A bitter wind tonight and Gindelle yearns, not for the single-room hotel further east, for thin sheets lined with bed bugs, but for this faded awning sheltering her from the tattered edges of night. Only when freezing to death is her only option will Gindelle finally relinquish her throne, she says. In the shelter, she claims she’s nothing but a sad old woman with ghoulish teeth.
When you shake out the dirt from your bag and crawl inside, Gindelle gestures for you to slide up closer. Hip to hip, you trade heat, and she throws her cape around your shoulders, to stifle the chill threading up your spines. You resolve to find Gindelle another coat, something with satin lining and puffy sleeves, tell her a box went missing off the loading bay at the shopping mall.
Gindelle’s bony fingers find your wrist and squeeze. You pet her arm. There isn’t enough time, you think. Already Saturday excuses are wearing thin.
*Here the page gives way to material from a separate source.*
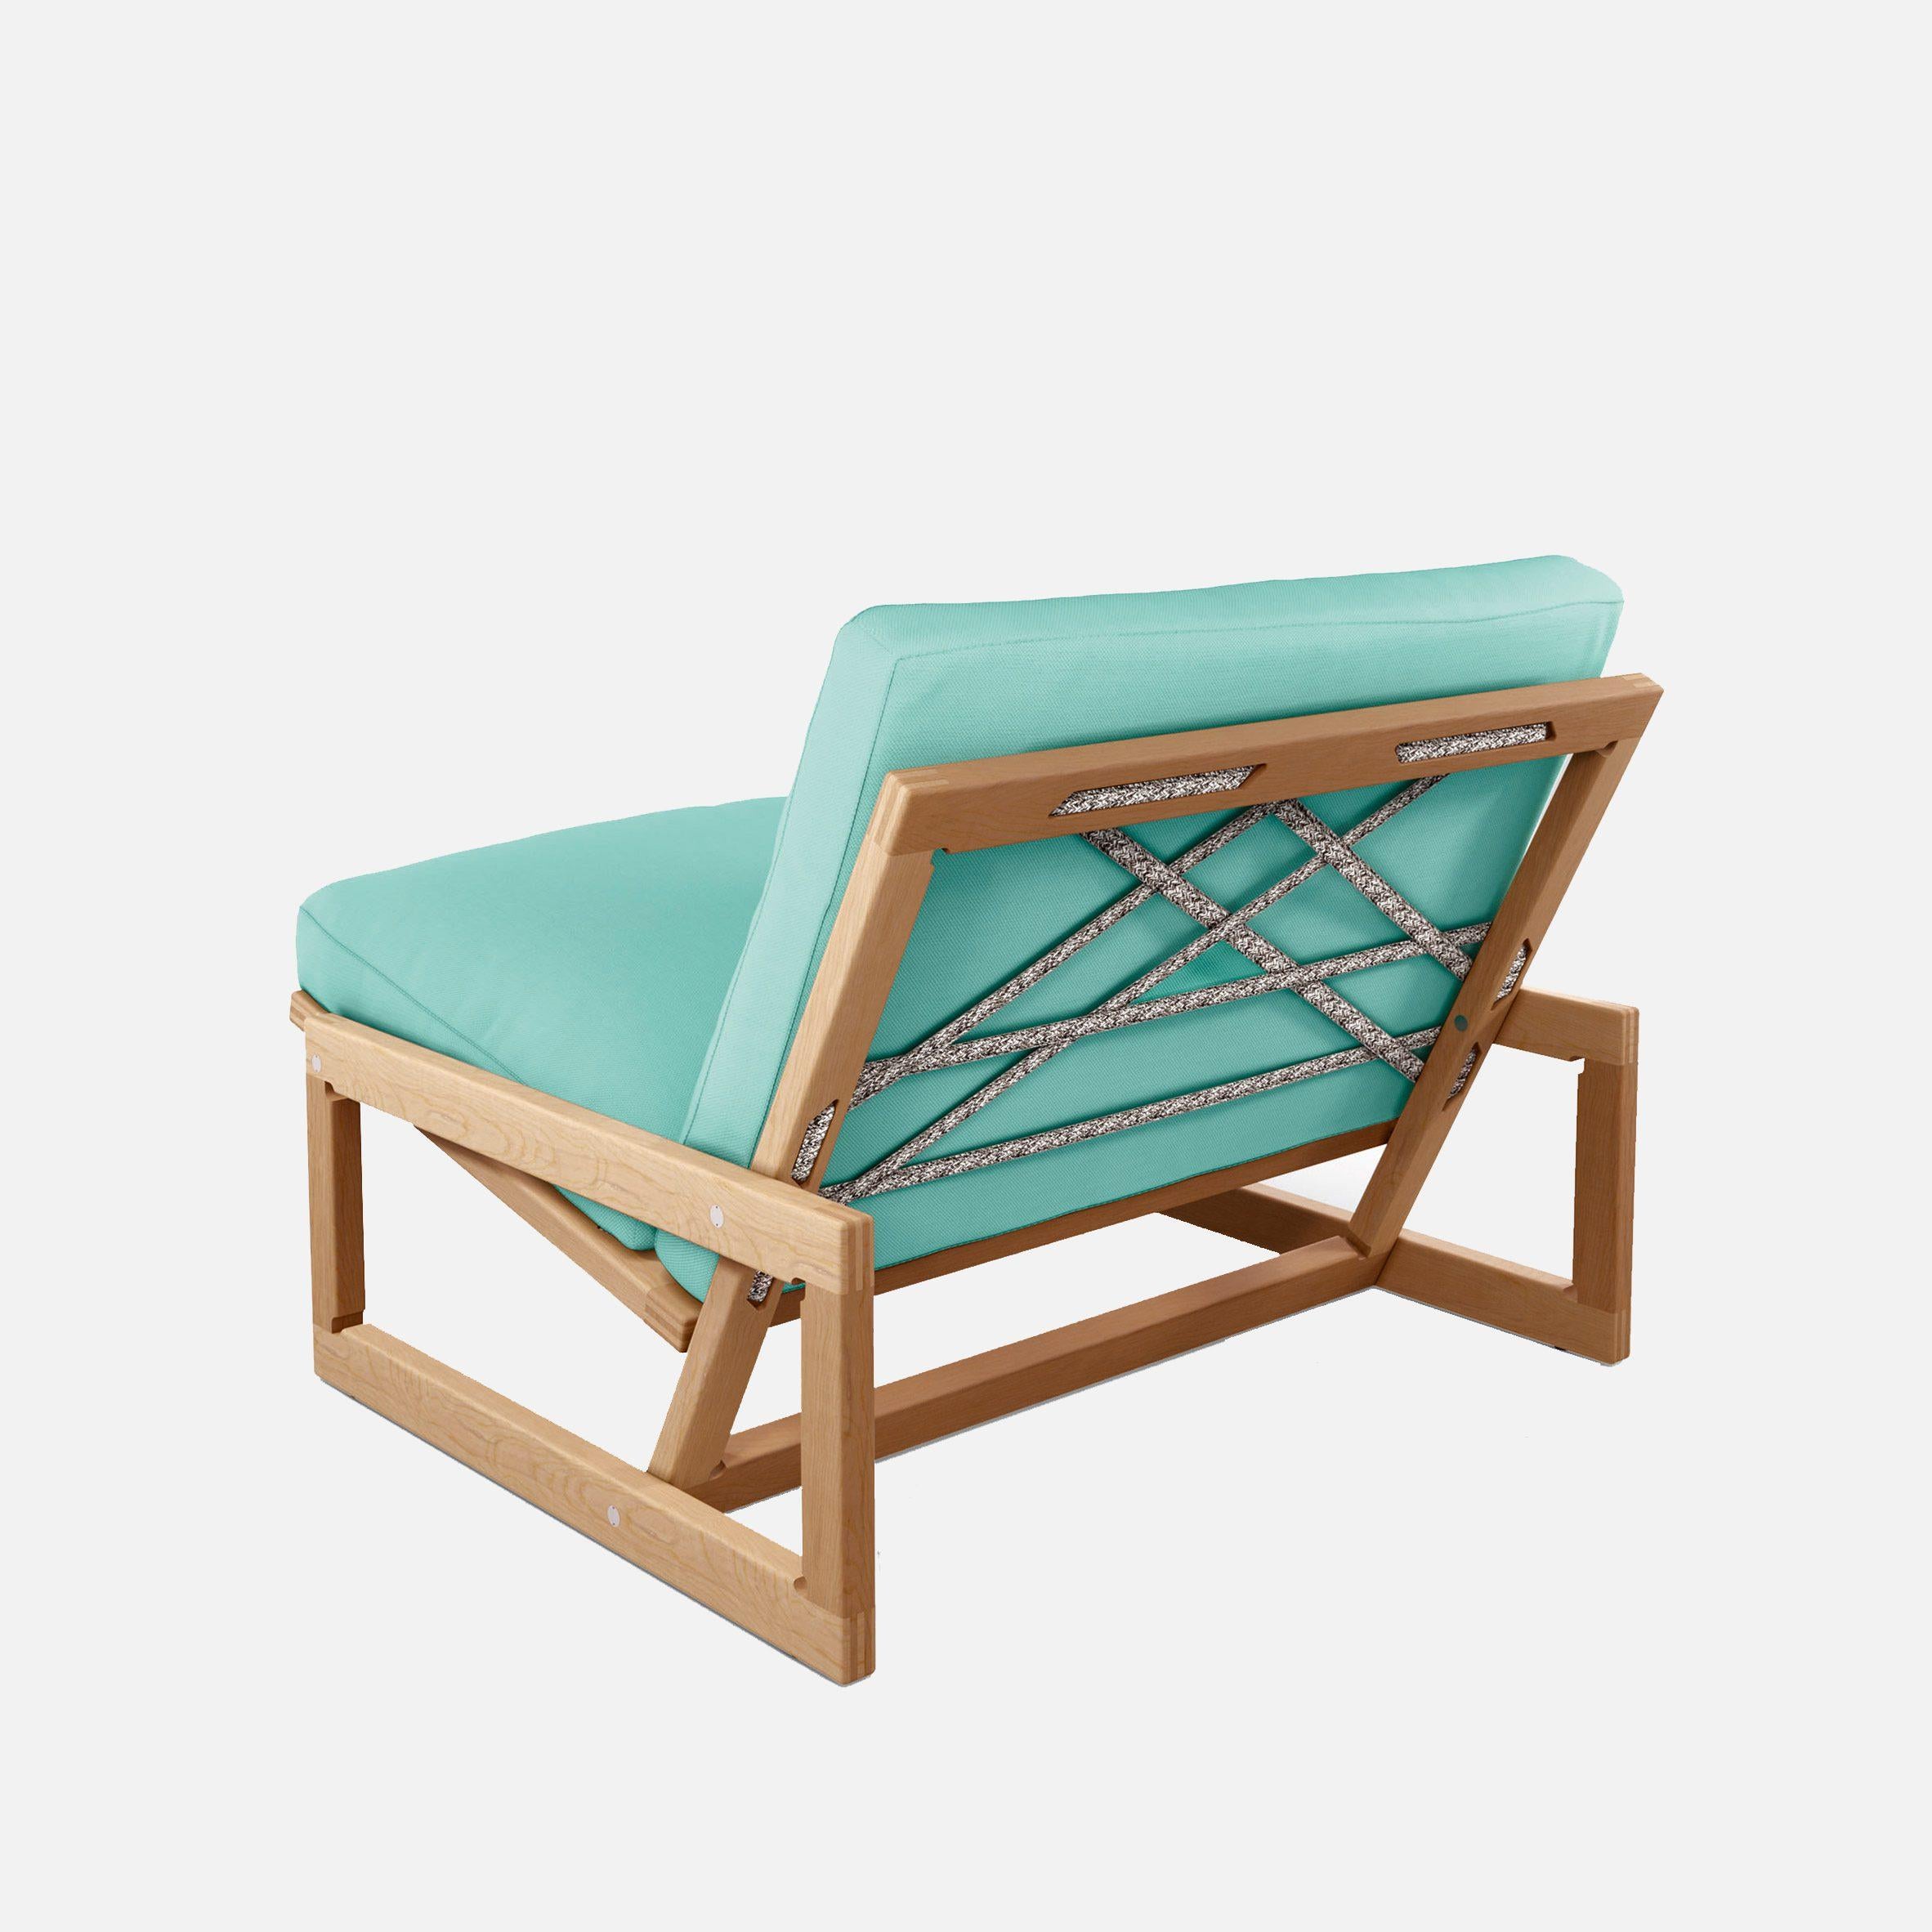 Ein stilvoller, minimalistischer Outdoor-Sessel für die jüngere Generation, der die typische Spontaneität eines Tages im Freien einlädt. 

1967 entwarfen Afra und Tobia Scarpa einen Stuhl, der eine aktive, dynamische Generation anspricht. Das

Jemma needs more of you. Last night you held her hair back while she was hugging the toilet over the smell of raw chicken.
You watch Gindelle sway quietly, her legs tucked up close to yours, then she tips sideways against you. Her rattling breath against your thick-bearded chin is a force keeping you fixed to the ground. Feeling Gindelle’s tired body against yours steals your next breath, makes you believe in this moment you can keep the world safe.
Gindelle starts to breathe heavy, a cough caught deep in her chest. She sighs and her whole body relaxes again.
You want to ask her about thresholds. Last chances. Where life begins. You would offer all the gold coins in your purse, pull the secrets from every locked drawer.
“Red,” she says, “I’m tired,” and falls asleep in your arms.